Software as a service
The SaaS model provides software services that are complete applications that are ready to use. The cloud user simply connects to the application, which is running at a remote location. The user might not know where the system is located. The cloud service provider is responsible for managing the cloud infrastructure, the system on which the application is running, and the application itself.
SaaS is sometimes referred to as applications as a service. SaaS also includes content services (for example, video on demand) and higher value network services (for example Voice over Internet Protocol (VoIP)) as typically encountered in communication service provider scenarios.
Examples of commercial implementations of SaaS environments include IBM Watson™ Analytics, IBM API Management on Cloud, IBM Payment Systems, SalesForce, and NetSuite.
Business process as a service
In recognition of the IT industry direction of provisioning business process as a service (BPaaS) from within a cloud environment, IBM developed a definition of the BPaaS model.
The BPaaS model combines software and workflow elements to deliver end-to-end business processes as a service. Many business processes have the potential to be delivered through this model: Both horizontal applications (such as payroll, technical support, and billing) and vertical markets (such as healthcare and insurance).
Examples of commercial implementations of BPaaS include IBM Source to Pay on Cloud, IBM Customer Experience on Cloud, IBM Watson Business Solutions, ADP HR, and Google Adsense.
Cloud service model layering
Figure 3-1illustrates how the service models described previously can be layered. It also contrasts the level of effort required of the service provider with that of the service user through the service model layers. As you travel up the service model layers, the service provider is responsible for providing more effort as the level of functionality increases. By contrast, as you travel down the service layers, the service user must provide more effort in terms of environment customization.
Figure 3-1 Cloud service models
Table 3-1 lists the functions that are provided by the cloud service provider and the cloud service user for each service model.
Table 3-1 Cloud service provider and service user responsibilities by service model
|
Service model
|
Cloud service provider-delivered functions
|
Cloud user-delivered functions
|
|
Business process as a service
|
Business process
↓
|
Business process configuration
|
|
Software as a service
|
Applications
↓
|
Application configuration ↑
|
|
Platform as a service
|
Languages
Libraries
Tools
Middleware
Application servers
Database servers
↓
|
Applications ↑
|
|
Infrastructure as a service
|
Processing
Storage
Network
|
Languages
Libraries
Tools
Middleware
Application servers
Database servers ↑
|
3.2.2 Cloud delivery models
Cloud delivery models refer to how a cloud solution is used by an organization, where the data is located, and who operates the cloud solution.

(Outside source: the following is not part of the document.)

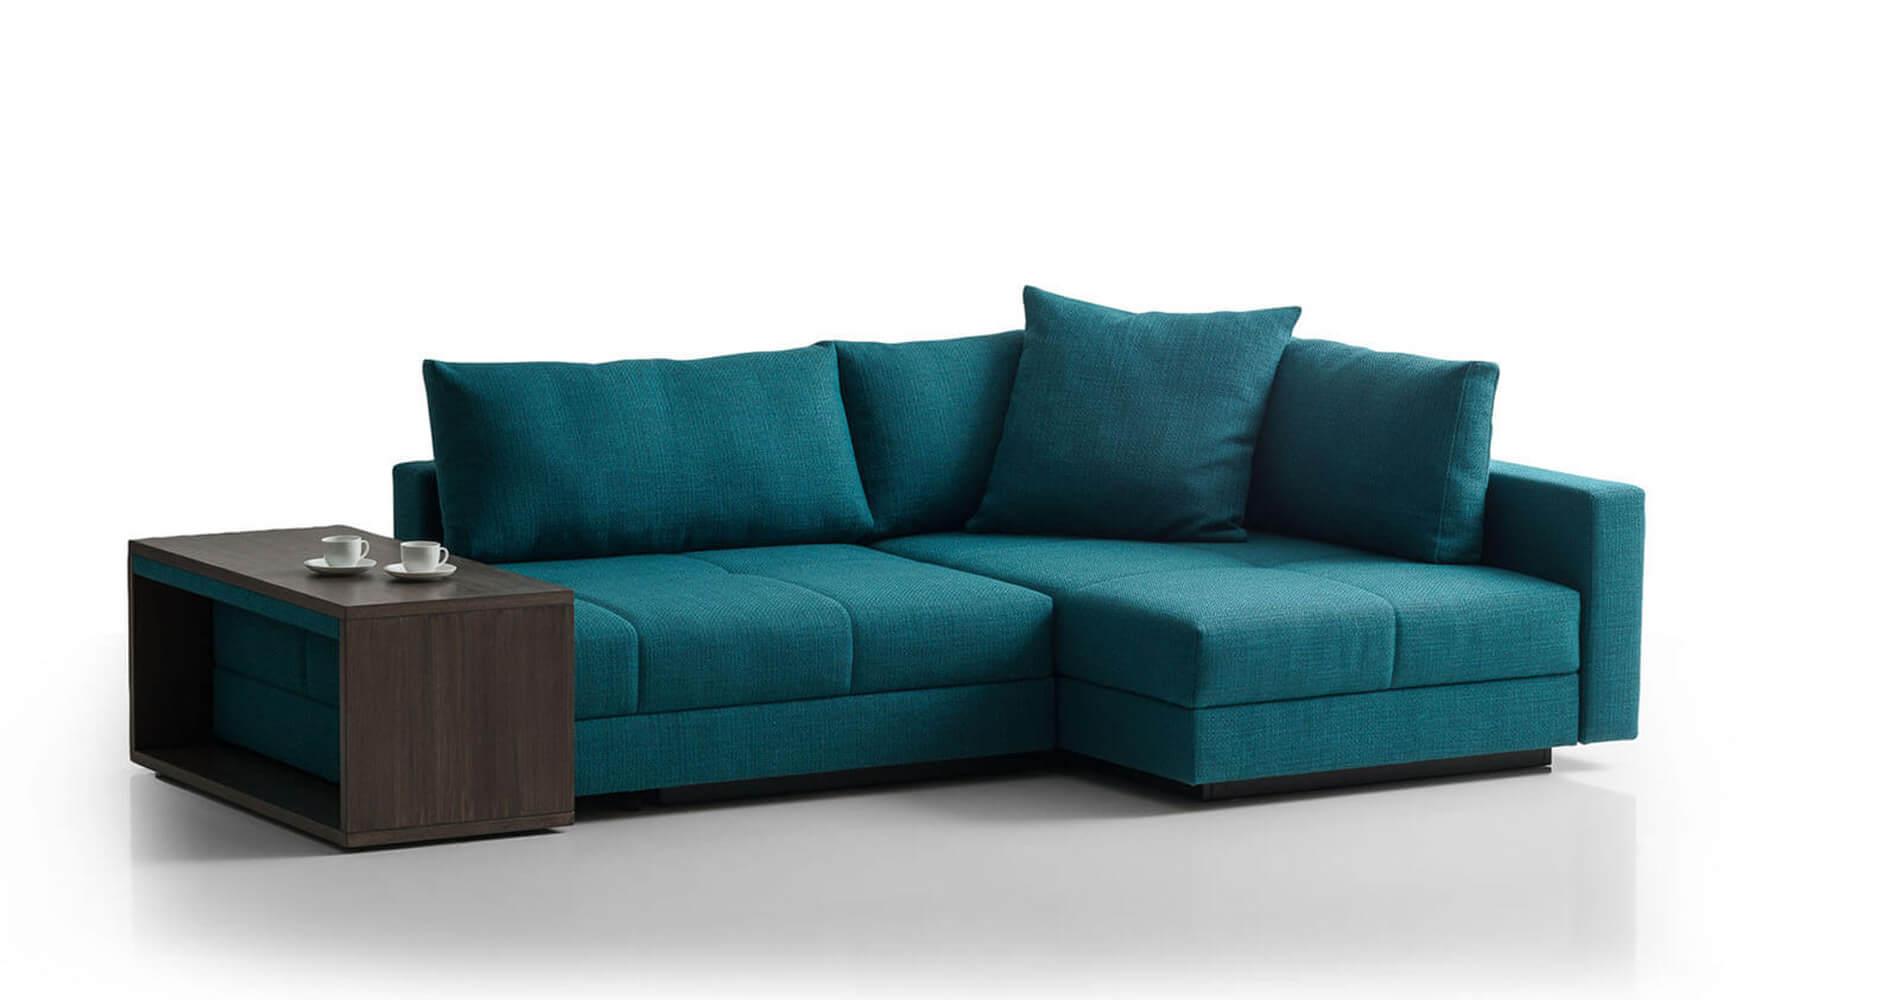 franz fertig schlafsofa club schlafsofa von franz fertig sofabed schlafsofa von franz fertig. Black Bedroom Furniture Sets. Home Design Ideas

The following cloud delivery models are available:
•Public cloud
•Private cloud
•Hybrid cloud
•Community cloud
Figure 3-2 illustrates these cloud delivery models, and identifies some of their characteristics in terms of roles, users, and accessibility.
Figure 3-2 Cloud delivery models
Public clouds
A public cloud is one in which the cloud infrastructure is made available to the general public or a large industry group over the Internet. The infrastructure is not owned by the user, but by an organization that provides cloud services. Services can be provided either at no cost, as a subscription, or as a pay-as-you-go model.
Examples of public clouds include IBM SoftLayer, Amazon EC2, Google AppEngine, and Microsoft Azure App Service.
Private clouds
A private cloud refers to a cloud solution where the infrastructure is provisioned for the exclusive use of a single organization. By consolidating and centralizing services into a cloud, the organization benefits from centralized service management and economies of scale.
A private cloud provides an organization with some advantages over a public cloud. Private clouds are ideal when the type of work being done is not practical for a public cloud because of network latency, security, or regulatory concerns.
A private cloud can be owned, managed, and operated by the organization, a third party, or a combination. The private cloud infrastructure is usually provisioned on the organization’s premises, but it can also be hosted in a data center that is owned by a third party.
Hybrid clouds
A hybrid cloud is a combination of various cloud types (public, private, and community). Each cloud in the hybrid mix remains a unique entity, but is bound to the mix by technology that enables data and application portability.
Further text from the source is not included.